You do this in three steps.

First you define what your rules will look like by choosing a set of matchers:

const NMatch = require('nmatch')

const router = new NMatch([
  () => new UrlMatcher(),
  () => new MethodMatcher(),
  () => new UserRoleMatcher()
])

Then you set rules that map patterns to results. Each rule takes one pattern per matcher, plus the result that the rule should return when it matches:

router.set('/foo',       'GET', { group: 'public' }, getFoosHandler)
router.set('/foo/{id}',  'GET', { group: 'public' }, getAFooHandler)
router.set('/foo/{id}',  'PUT', { group: 'admins' }, editFooHandler)
router.set('{default+}', 'ANY', { group: 'public' }, defaultHandler)

Now you can match terms against the ruleset, one term per matcher. NMatch will return the best result that matches all the terms: the first term against the first matcher, the second term against the second matcher, and so on.

const alice = { 'username': 'alice', 'groups': ['public', 'admins'] }
const anon = { 'groups': ['public'] }

tap.is(router.match('/foo/bar', 'GET', anon), getAFooHandler)
tap.is(router.match('/foo/bar', 'PUT', anon), defaultHandler)
tap.is(router.match('/foo/bar', 'PUT', alice), editFooHandler)

API

The NMatch constructor takes for argument an array of functions, each of which should return a new instance of a matcher. They will be called as needed when more patterns are added. Their order is the same as that of the set and match methods' arguments.

const Id = require('nmatch/matchers/id') // "matches" using `===`

const bookNotes = new NMatch([
  () => new Id(), // Author
  () => new Id()  // Title
])

The set method takes as many arguments as you've defined matchers, plus one for the value being set. set will associate that value to the given patterns. What counts as a pattern depends on the kind of matcher you use.

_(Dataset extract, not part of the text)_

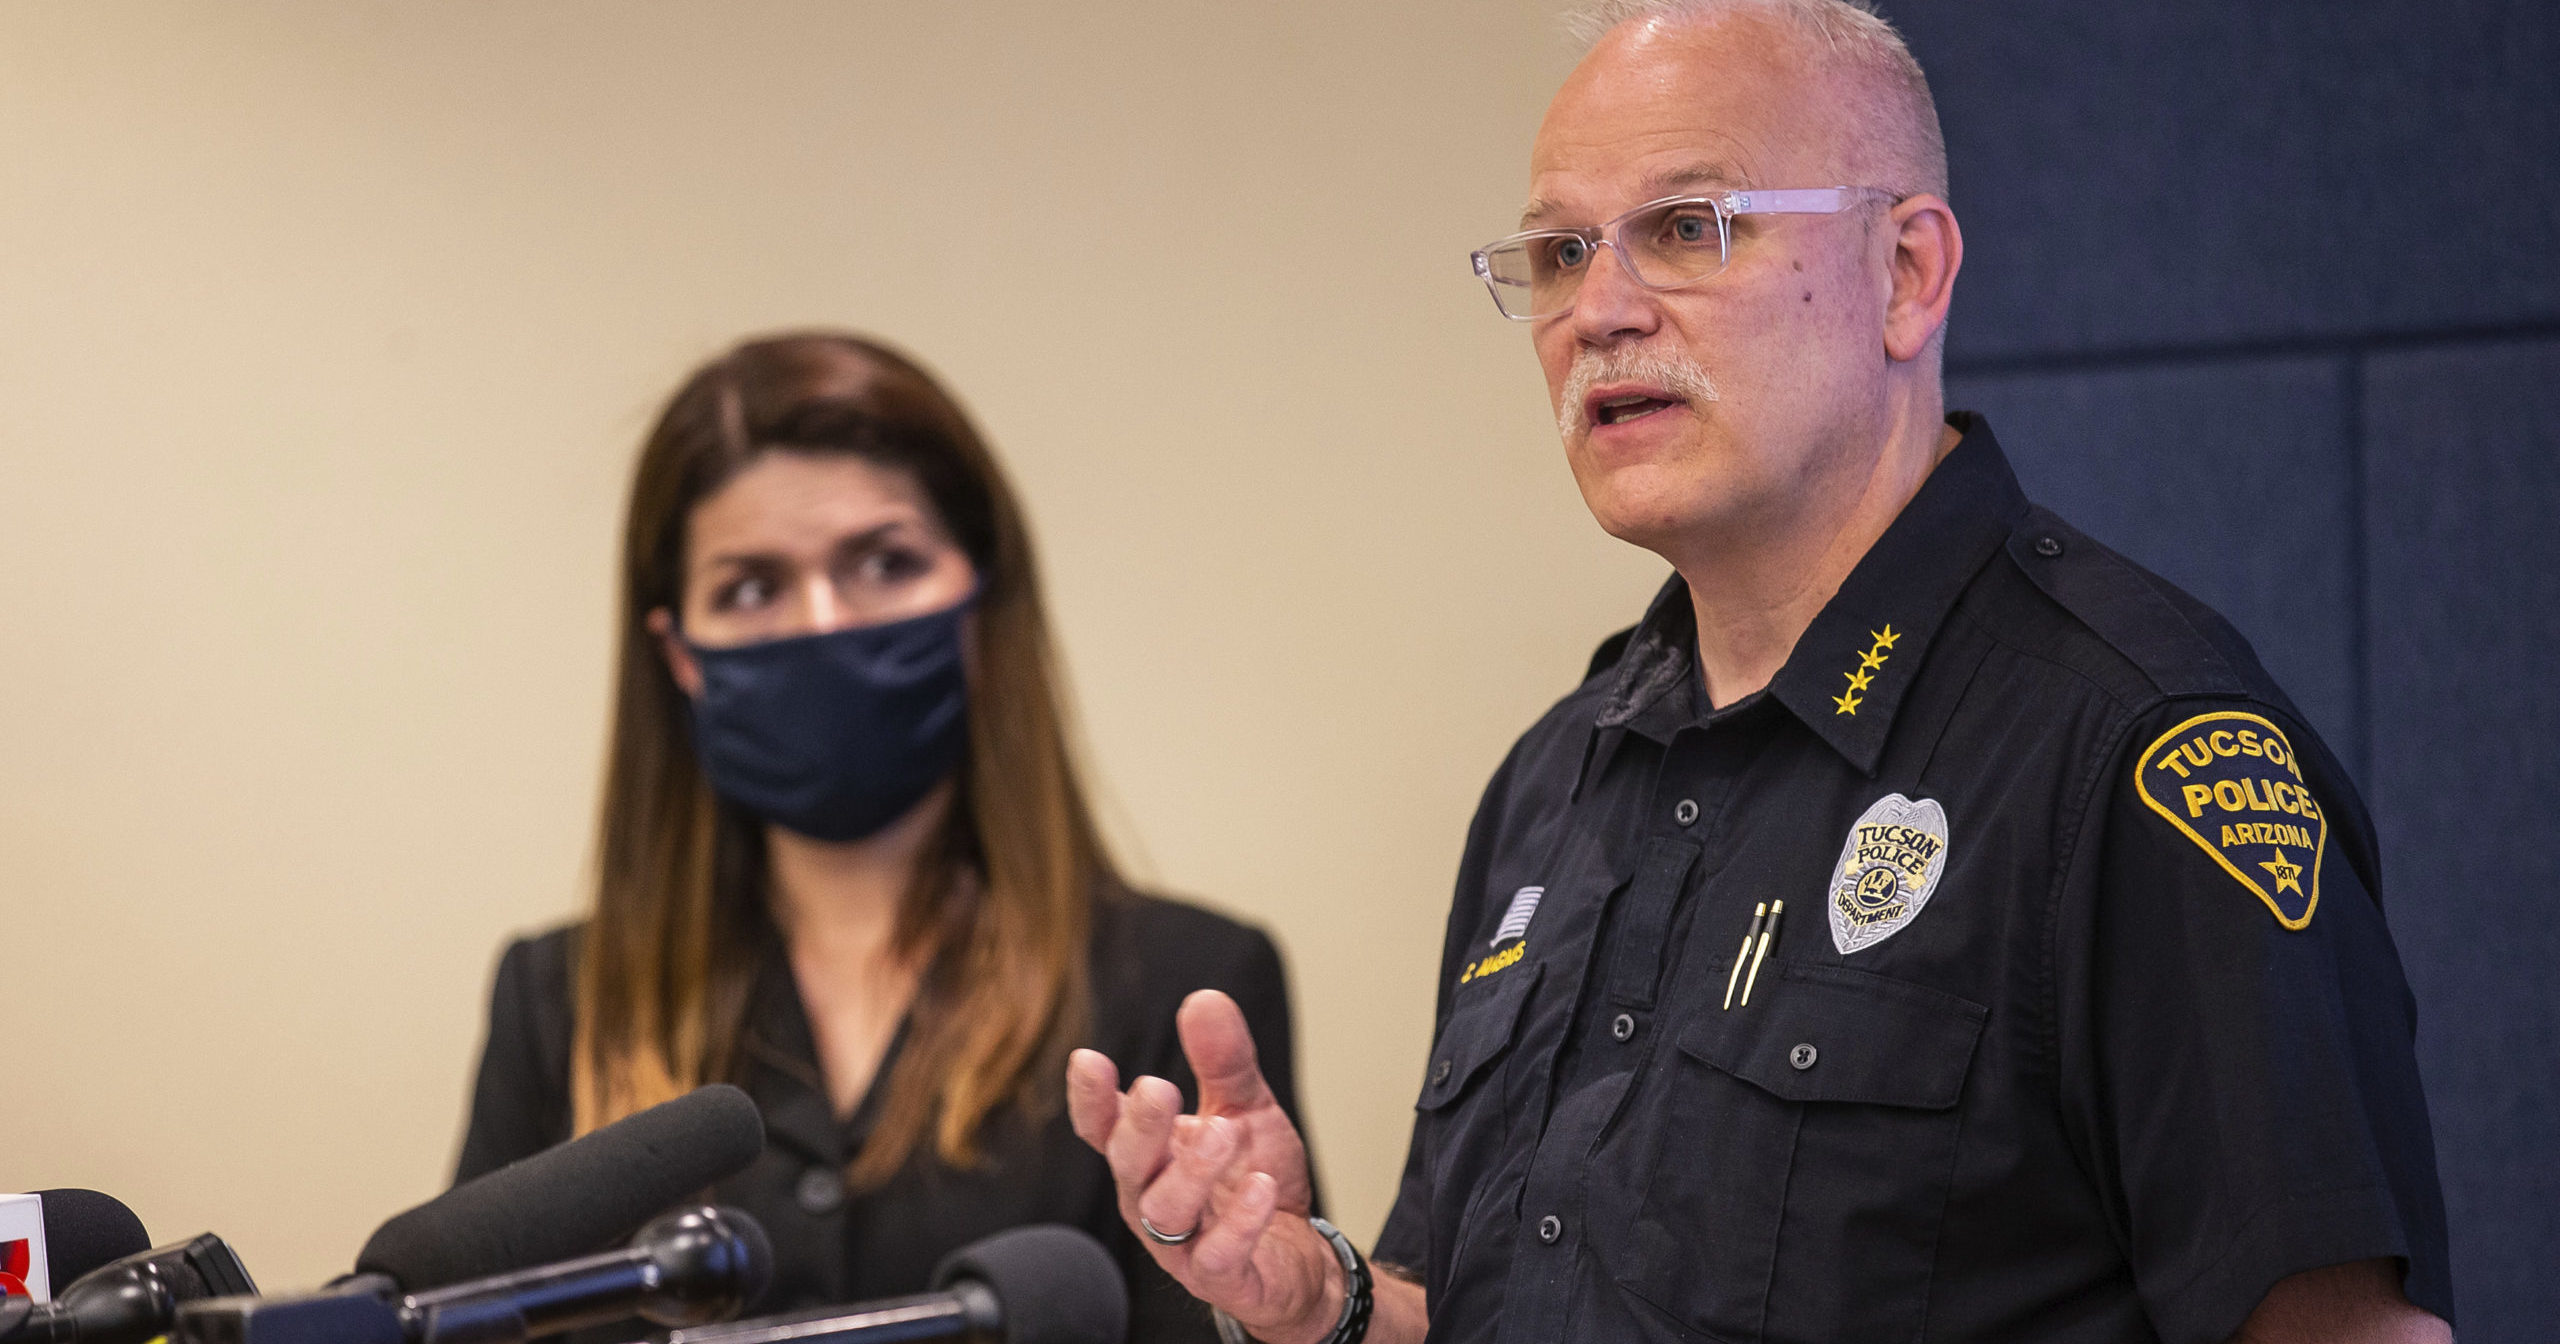 Tucson Police Chief Chris Magnus, right, speaks as Mayor Regina Romero listens during a news conference on June 24, 2020, in Tucson, Arizona. Chief Magnus offered his resignation after the death of a 27-year-old man who died in police custody. The medical examiner’s office didn’t determine a manner of death but said Carlos Ingram-Lopez died of sudden cardiac arrest while intoxicated by cocaine and physically restrained.

bookNotes.set('Homer', 'Odyssey', 'Really old')
bookNotes.set('James Joyce', 'Ulysses', 'Just here for the puns')

The match method takes as many arguments as you've defined matchers. It will pass the first argument to the first matcher, the second argument to the second matcher, and so on. It returns the best match, or null if no matches are found.

tap.is(bookNotes.match('Homer', 'Odyssey'), 'Really old')
tap.is(bookNotes.match('Homer', 'Ulysses'), null) // no match

The NMatch constructor does some basic validation on its arguments

tap.throws(() => new NMatch(), 'At least one matcher is required')
tap.throws(() => new NMatch([]), 'At least one matcher is required')
tap.throws(() => new NMatch(['herp']), 'Matchers must be functions')
tap.throws(() => new NMatch([() => 'derp']),
  'Matchers must have a `pattern` and a `match` function')
tap.throws(() => new NMatch([() => ({ pattern: () => 1 })]),
  'Matchers must have a `pattern` and a `match` function')
tap.throws(() => new NMatch([() => ({ match: () => 1 })]),
  'Matchers must have a `pattern` and a `match` function')

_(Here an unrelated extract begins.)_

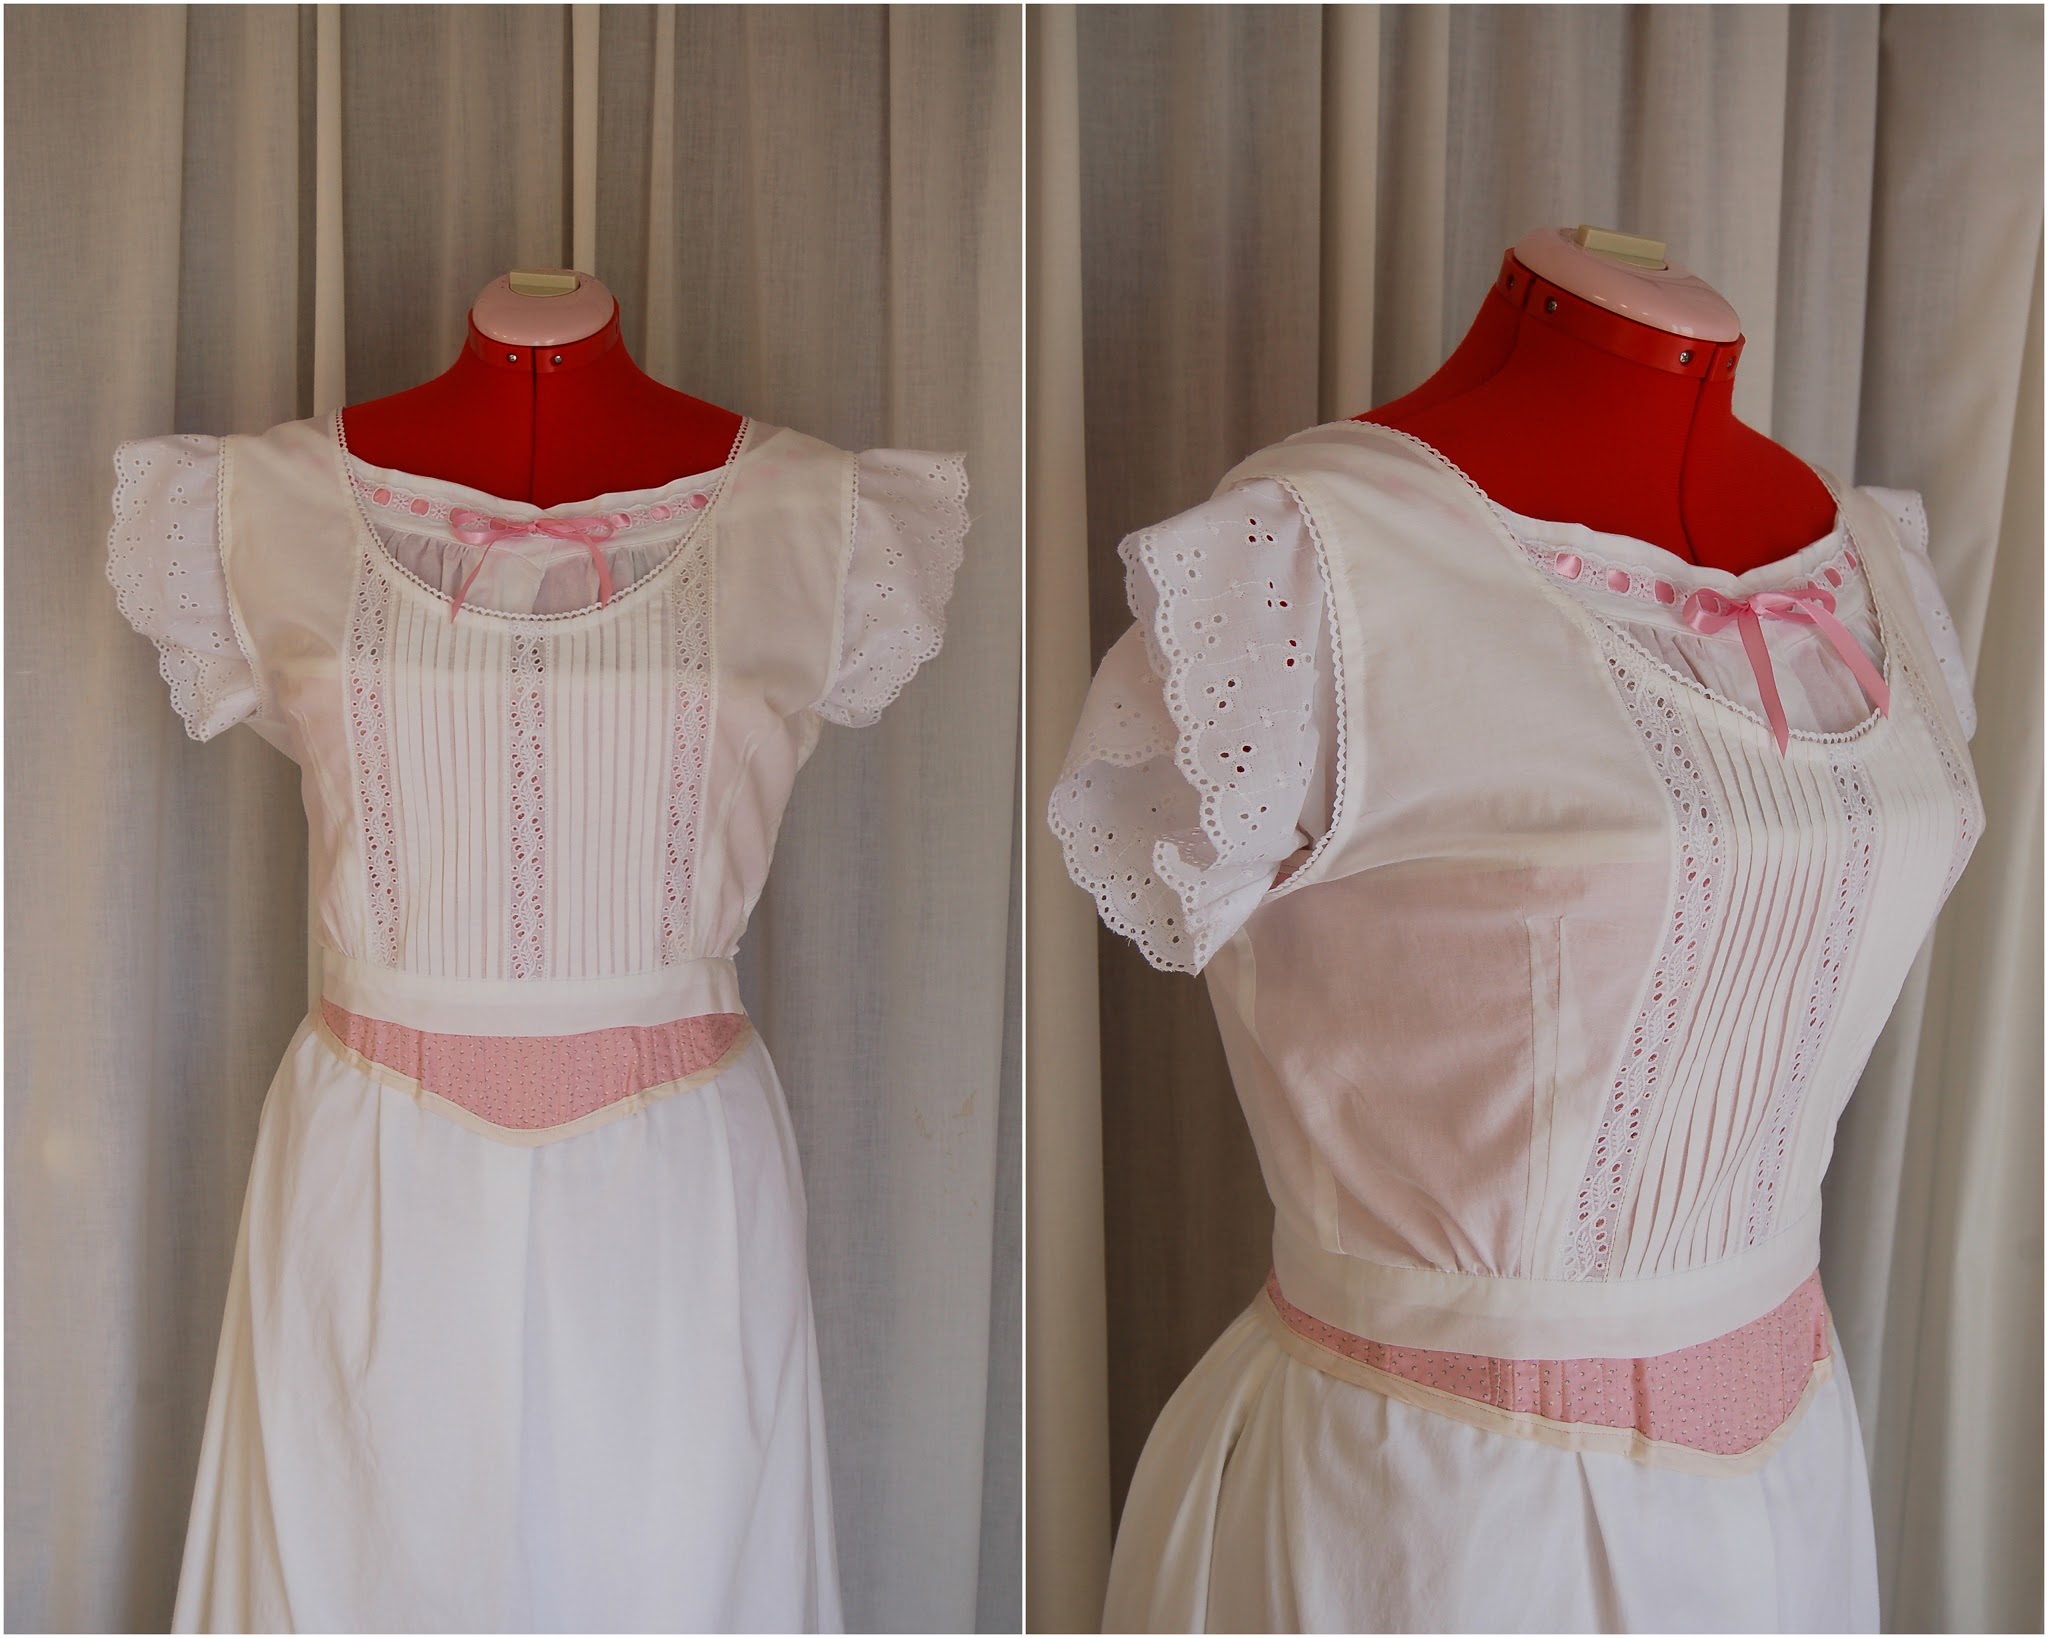 Dolly Creates: • 1860s Underpinnings

set and match will check that you pass in the right number of arguments, but they can't tell whether you've given them in the right order. Make sure to be consistent.

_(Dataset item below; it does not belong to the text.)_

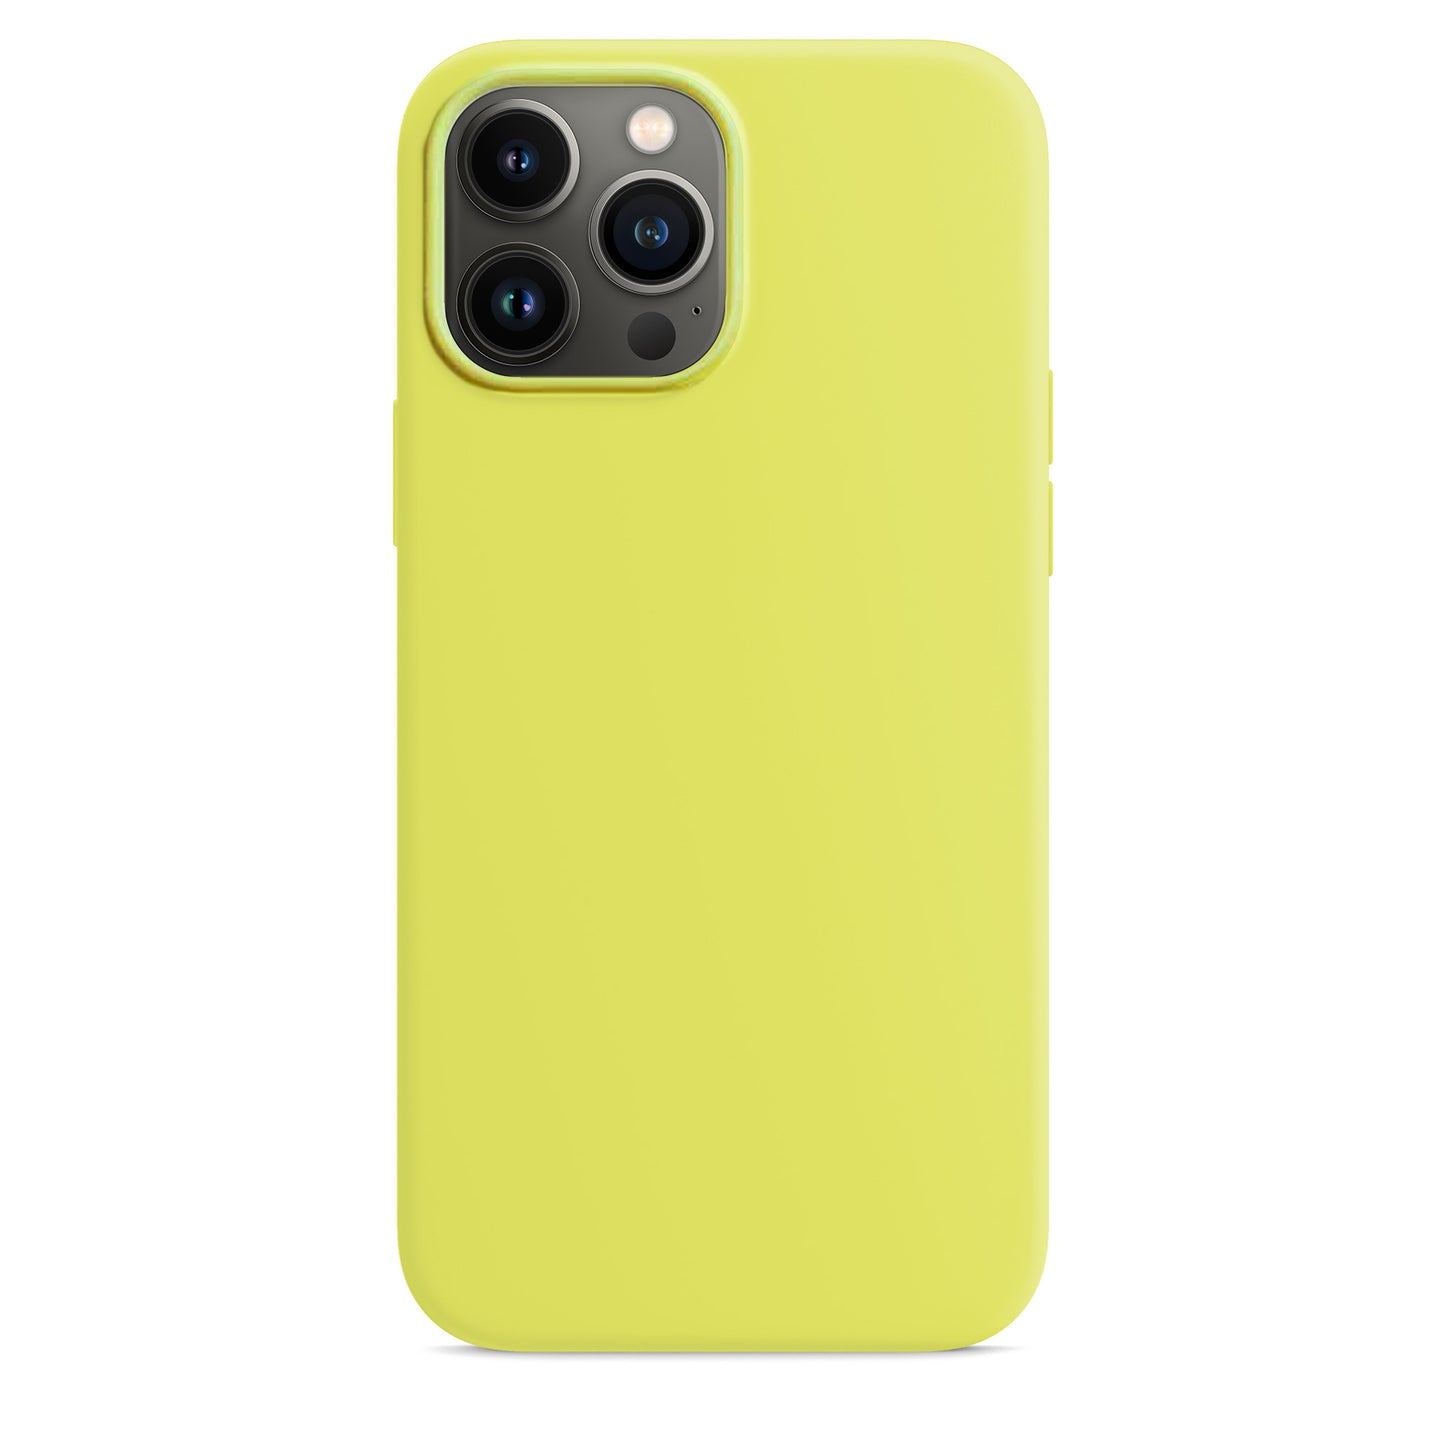 Lemon Zest Silicone Case for iPhone

tap.throws(() => bookNotes.set('Homer', 'Iliad'),
  'Too few arguments')
tap.throws(() => bookNotes.set('Homer', 'Iliad', 'Trojan war', 'Prequel'),
  'Too many arguments')

tap.throws(() => bookNotes.get('Homer'),
  'Too few arguments')
tap.throws(() => bookNotes.get('Homer', 'Iliad', 'Odyssey'),
  'Too many arguments')

bookNotes.set('Iliad', 'Homer', 'Trojan war') /* Oops, arguments in wrong order,
  but NMatch has no way of knowing */
tap.is(bookNotes.match('Homer', 'Iliad'), null, 'No match: order matters')

Built-in Matchers

NMatch is powered by matchers, objects whose job it is to store patterns and perform matching against them. Let's look at the built-in matchers before discussing how you can build your own.

Id

The most basic matcher is Id, whose "patterns" can be any object, and whose "matching" is just applying the strict equality (===) operator. It's the equivalent of a Map, and in fact uses a Map internally to store patterns and values.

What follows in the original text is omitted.